I am in a technical book club and we are currently working through a book “Designing Data-Intesive Applications” by Martin Kleppmann. We just finished Chapter 7 - Transactions. This chapter focuses on transactions, but really zeros in on why transactions exist. They exist to help developers prevent concurrency issues.

Transactions

Personally, transactions are not my first thought when working on an application feature. Generally I’m concerned with what type of data needs to be stored, how the applciation should read it, and making sure the application writes to the correct records. What happens when multiple users are using the application is often an afterthought. As in after a bug has been submitted that some data was overwritten.

Even before committing to using transactions, I prefer to structure the data in a way that doesn’t require me to update multiple records. I would rather have my application read and write data in an isolated way so that it never needs to worry about another user overwriting it.

Of course this is nieve. Sure, you can structure your data and data access as cleanly as you want, but you are going to run into situations where denormalizing the data to improve performance will force you to write data to multiple records assuming they are in the same state as you read them.

Optimistic Concurrency Control

Optimistic Concurrency Control assumes that data conflicts will not occur and provides better performance. This is because it does not require the database to lock and keep track of resources that are being worked on.

Transictions are one form of optimistic concurrency control, but there are other ways the application can make sure writes are not ovewriting another users data.

There are some great articles that discuss concurrency, but since I tend to use entity framework with SQL server, this is my favorite. https://learn.microsoft.com/en-us/ef/core/saving/concurrency?tabs=data-annotations#optimistic-concurrency

SQL Server has the concept of a rowversion column type that can be used by Entity Framework. When data is read / manupliated / written back to the database, the rowversion remains the same in application code. Then when data is written back to the database, the database can check the rowversion value given and the current rowversion on the row. If they don’t match, the database server can abort the write, and throw an exception to the application code. The application can then decide what to do with it.

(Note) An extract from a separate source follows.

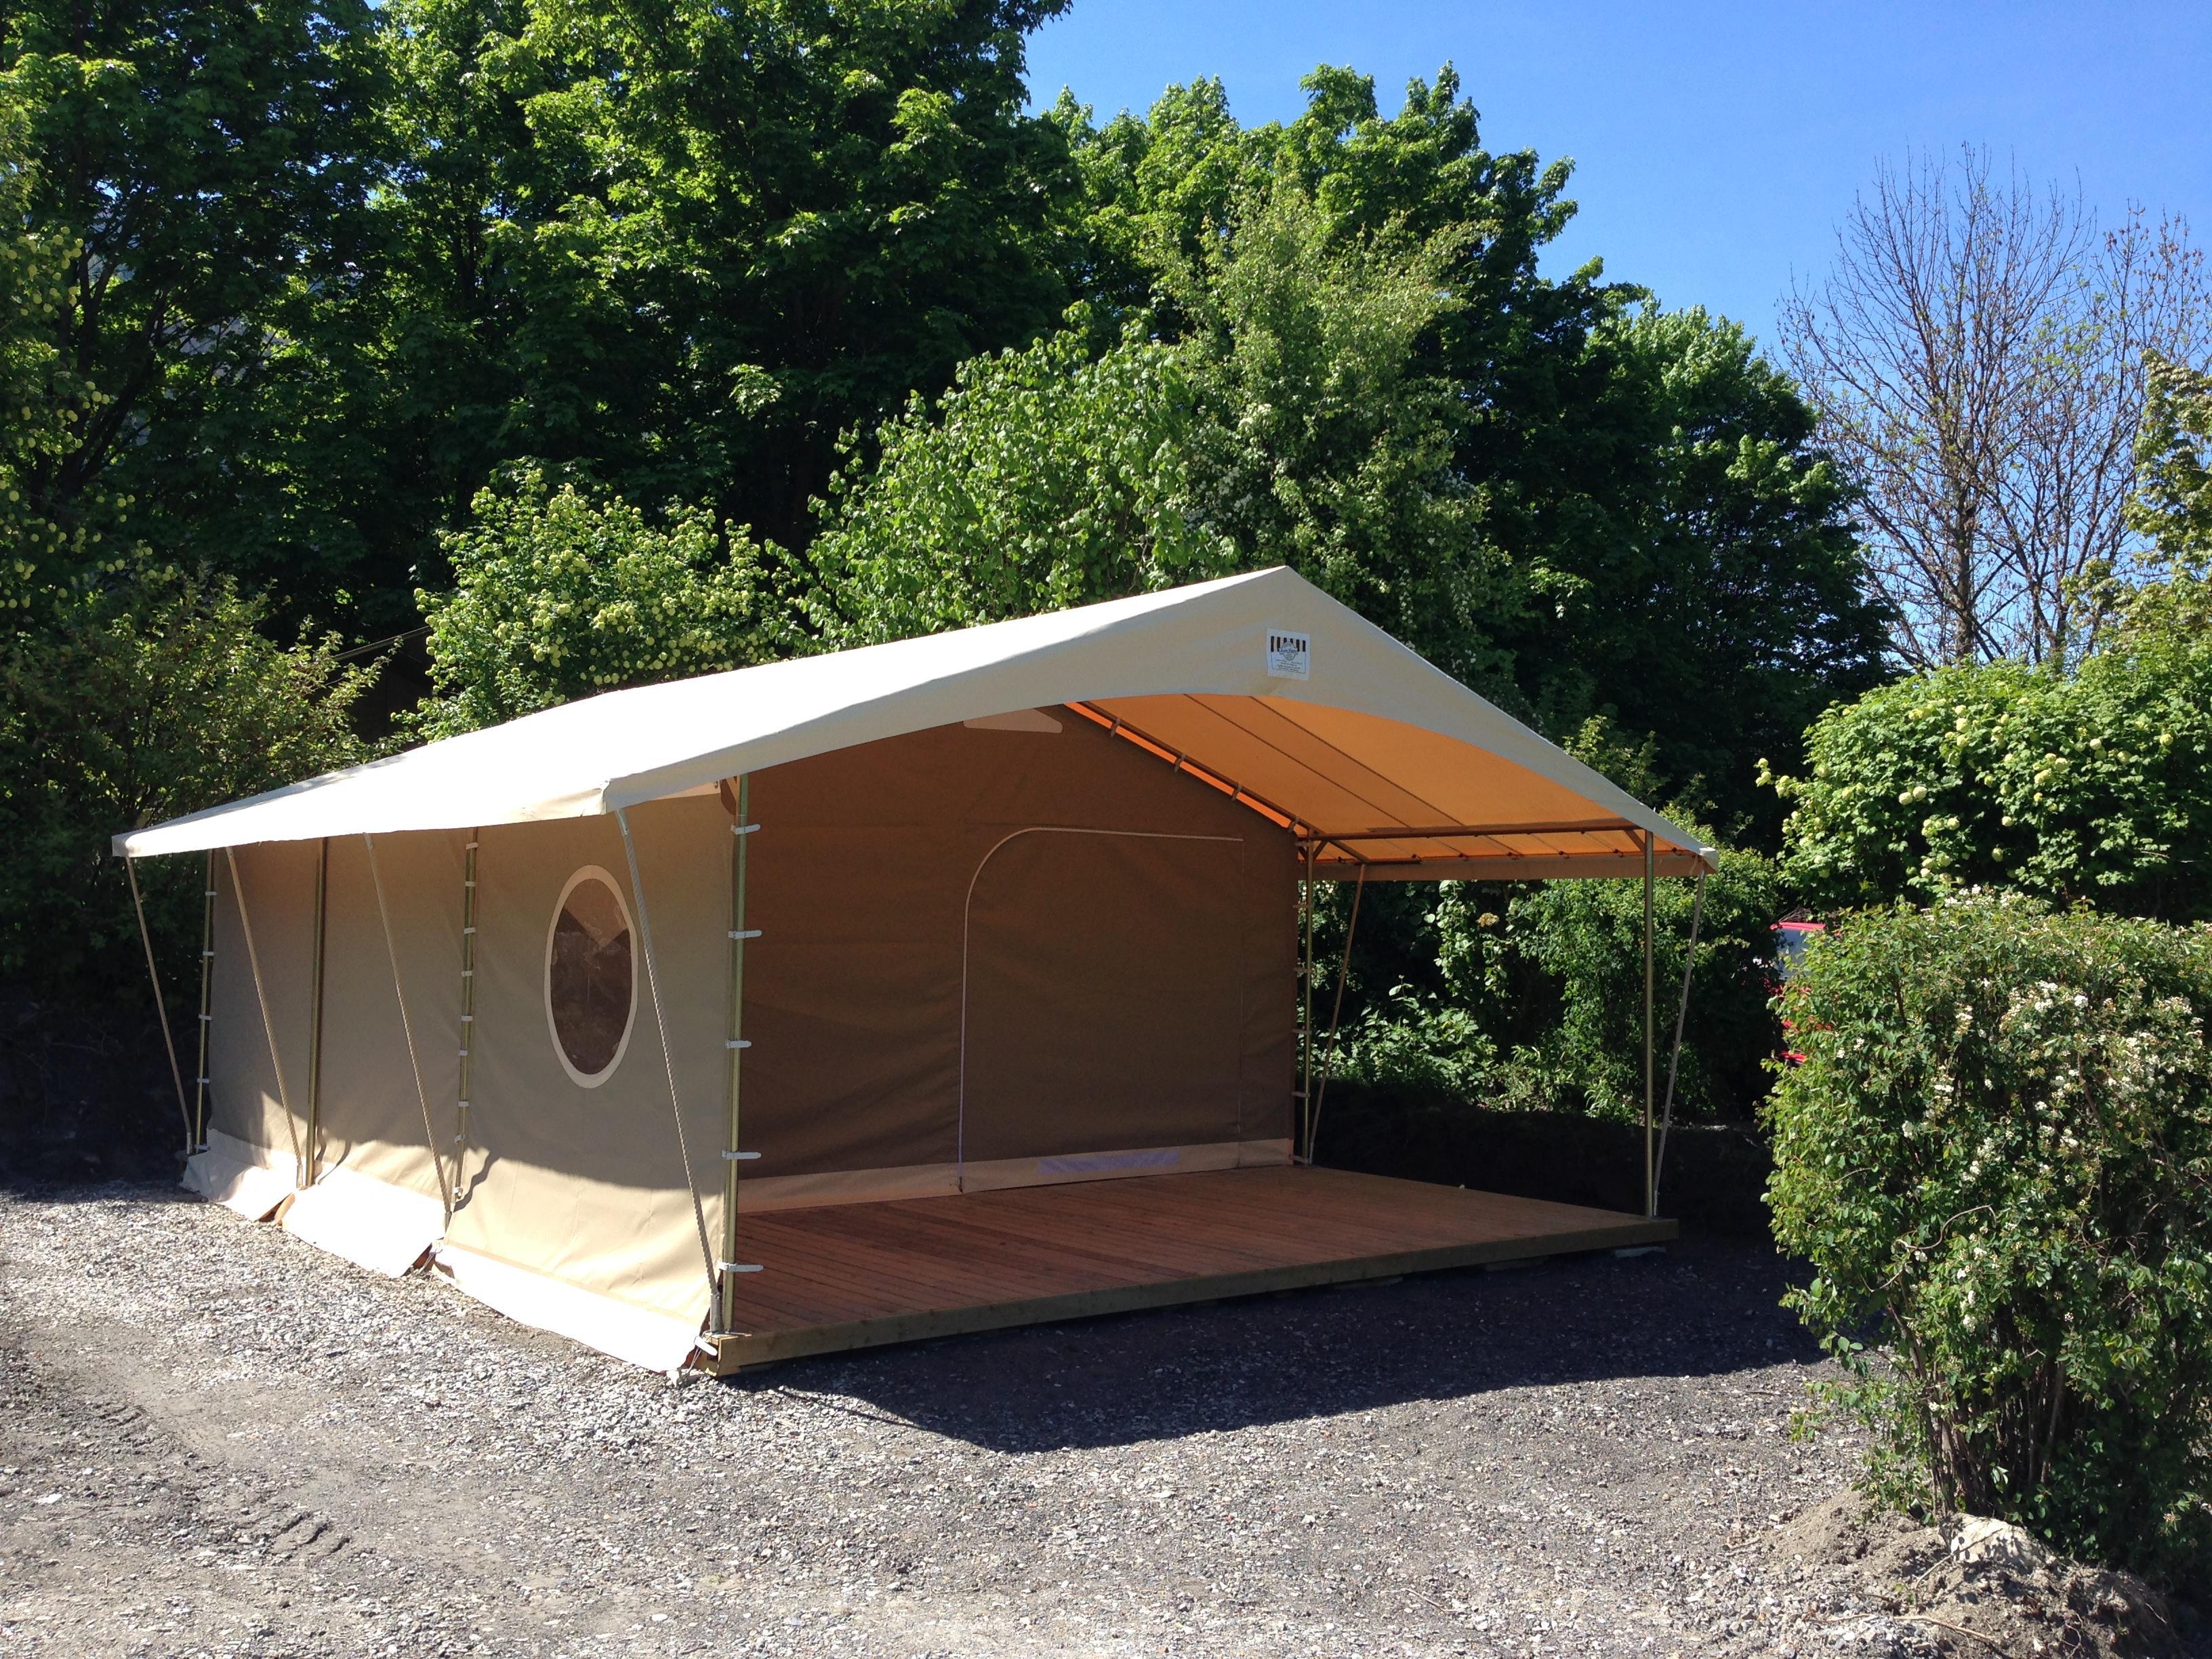 Location - Bungalow Toilé Canada (2 Chambres, Maximum 5 Personnes) - Camping L'Eden de la Vanoise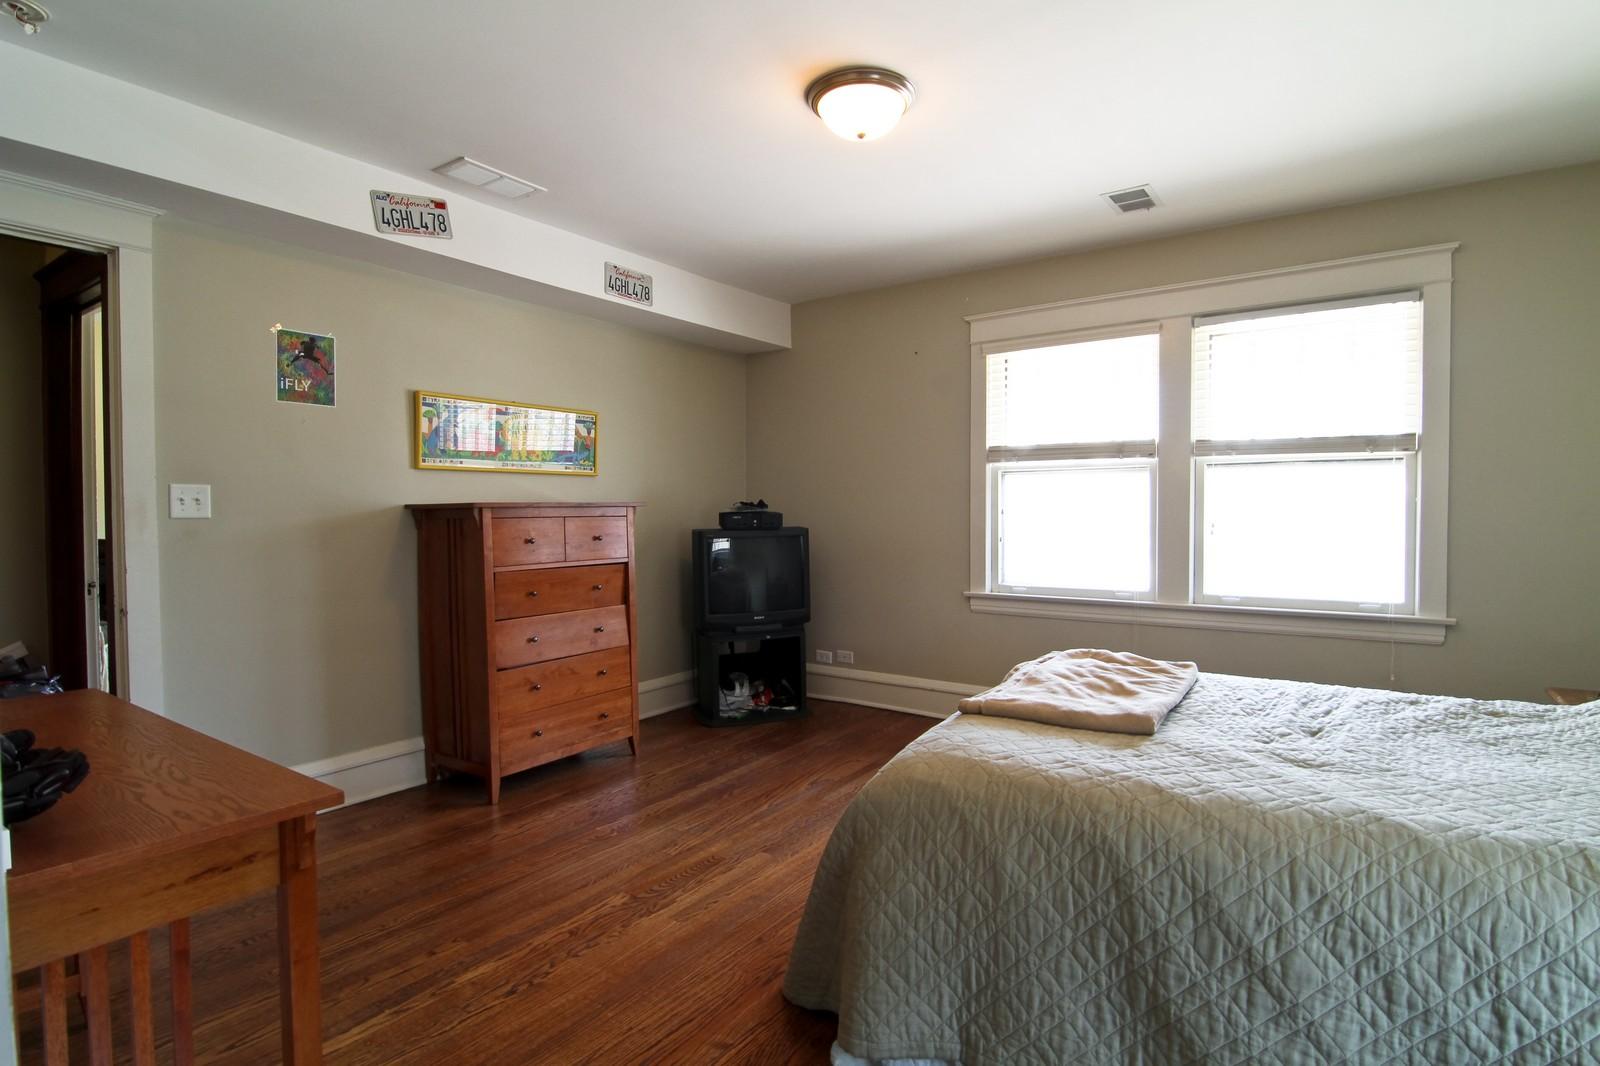 Real Estate Photography - 338 S. 8th, La Grange, IL, 60525 - Bedroom

Aggregate Roots and Concurrency

So which persistent objects need to have a rowversion column in the relational database to make sure that data does not get lost? An aggregate is a collection of objects that make up an entity. For example a Customer entity will have an address value. But you probably don’t want to access address directly. In our application Address only makes sense in the context of a Customer. Therefore our application shouldn’t update an Address directly, it should update a Customer’s Address.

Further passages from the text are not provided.